To’s first argument is that the action of the DOL in approving his petition for labor certification requires that the INS grant the visa preference requested. Although I understand this argument, I reject it on the authority of K.R.K. Irvine, Inc. v. Landon, 699 F.2d 1006, 1008-9 (9th Cir. 1983). As interpreted by the Ninth Circuit, the relevant statutes require that the DOL determine whether a given job category is or is not sufficiently filled by United States residents, and the INS then determines whether a specific alien has the qualifications for that job. That is what occurred here. The DOL certificate does not estop the INS from inquiring into To’s qualifications.
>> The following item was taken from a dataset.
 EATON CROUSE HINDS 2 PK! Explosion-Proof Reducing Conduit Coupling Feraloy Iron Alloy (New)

To’s next argument is that he does in fact have the qualifications for the “Chinese specialty cook” category, which is employment in that job for two years. To argues, first, that he gained many years’ experience in this field in Hong Kong. The INS ruled to the contrary, and discounted To’s alleged Hong Kong experience. I examine this decision to determine whether it was supported by substantial evidence.
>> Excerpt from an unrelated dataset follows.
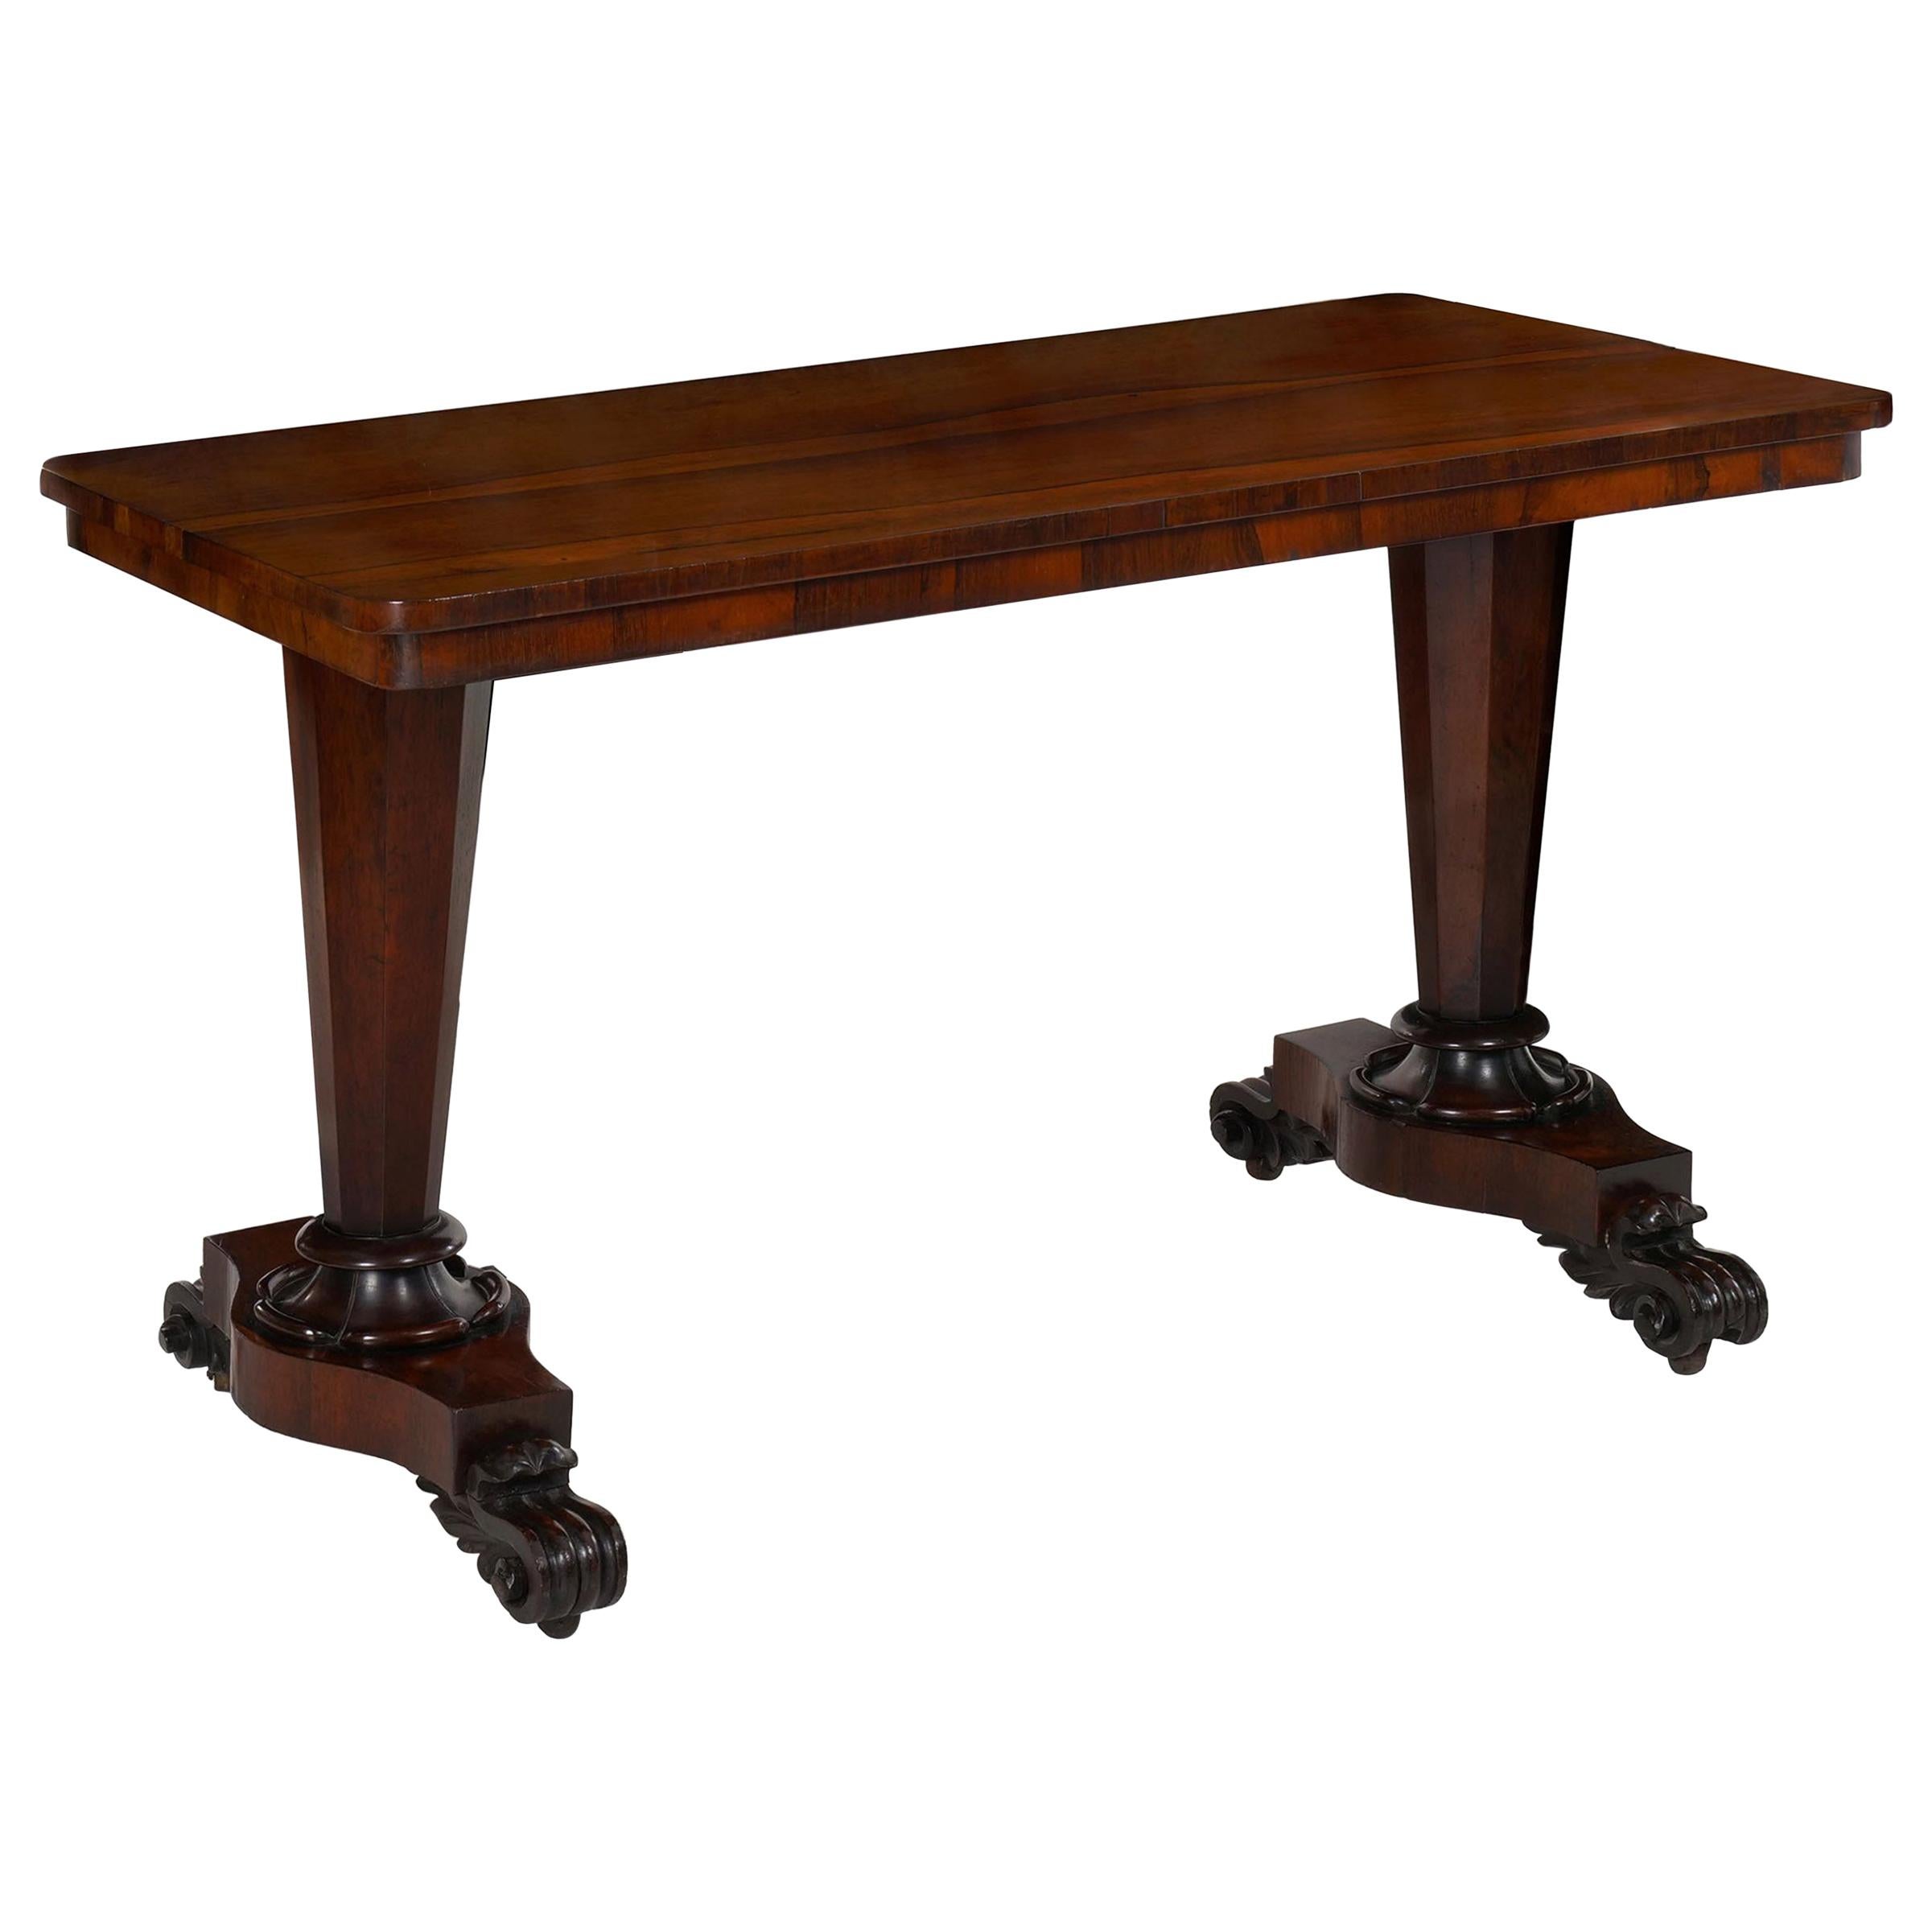 English William IV Period Rosewood Antique Writing Table Console, circa 1840

The decision as to Hong Kong experience was supported by substantial evidence, viewing the record as a whole. To presented the live testimony of his former employer at a restaurant in Hong Kong, who testified that To had worked for her for the requisite period. The INS presented evidence that To had worked full time as a tailor’s apprentice during this period, and the INS also presented evidence from the husband of To’s employer to the effect that To had not worked at the restaurant run by himself and his wife. This witness subsequently retracted his affidavit, which had in turn retracted a previous statement in To’s favor. There were apparently two restaurants owned by the employers in Hong Kong, both bearing names which are translated for present purposes as “Lucky Cafe,” and this may be part of the source of the confusion. In any event the evidence as to whether To worked as a cook or as a tailor was in sharp conflict. There was evidence, and indeed substantial evidence, in favor of either conclusion. The INS decision must be affirmed as to lack of experience in Hong Kong prior to 1973.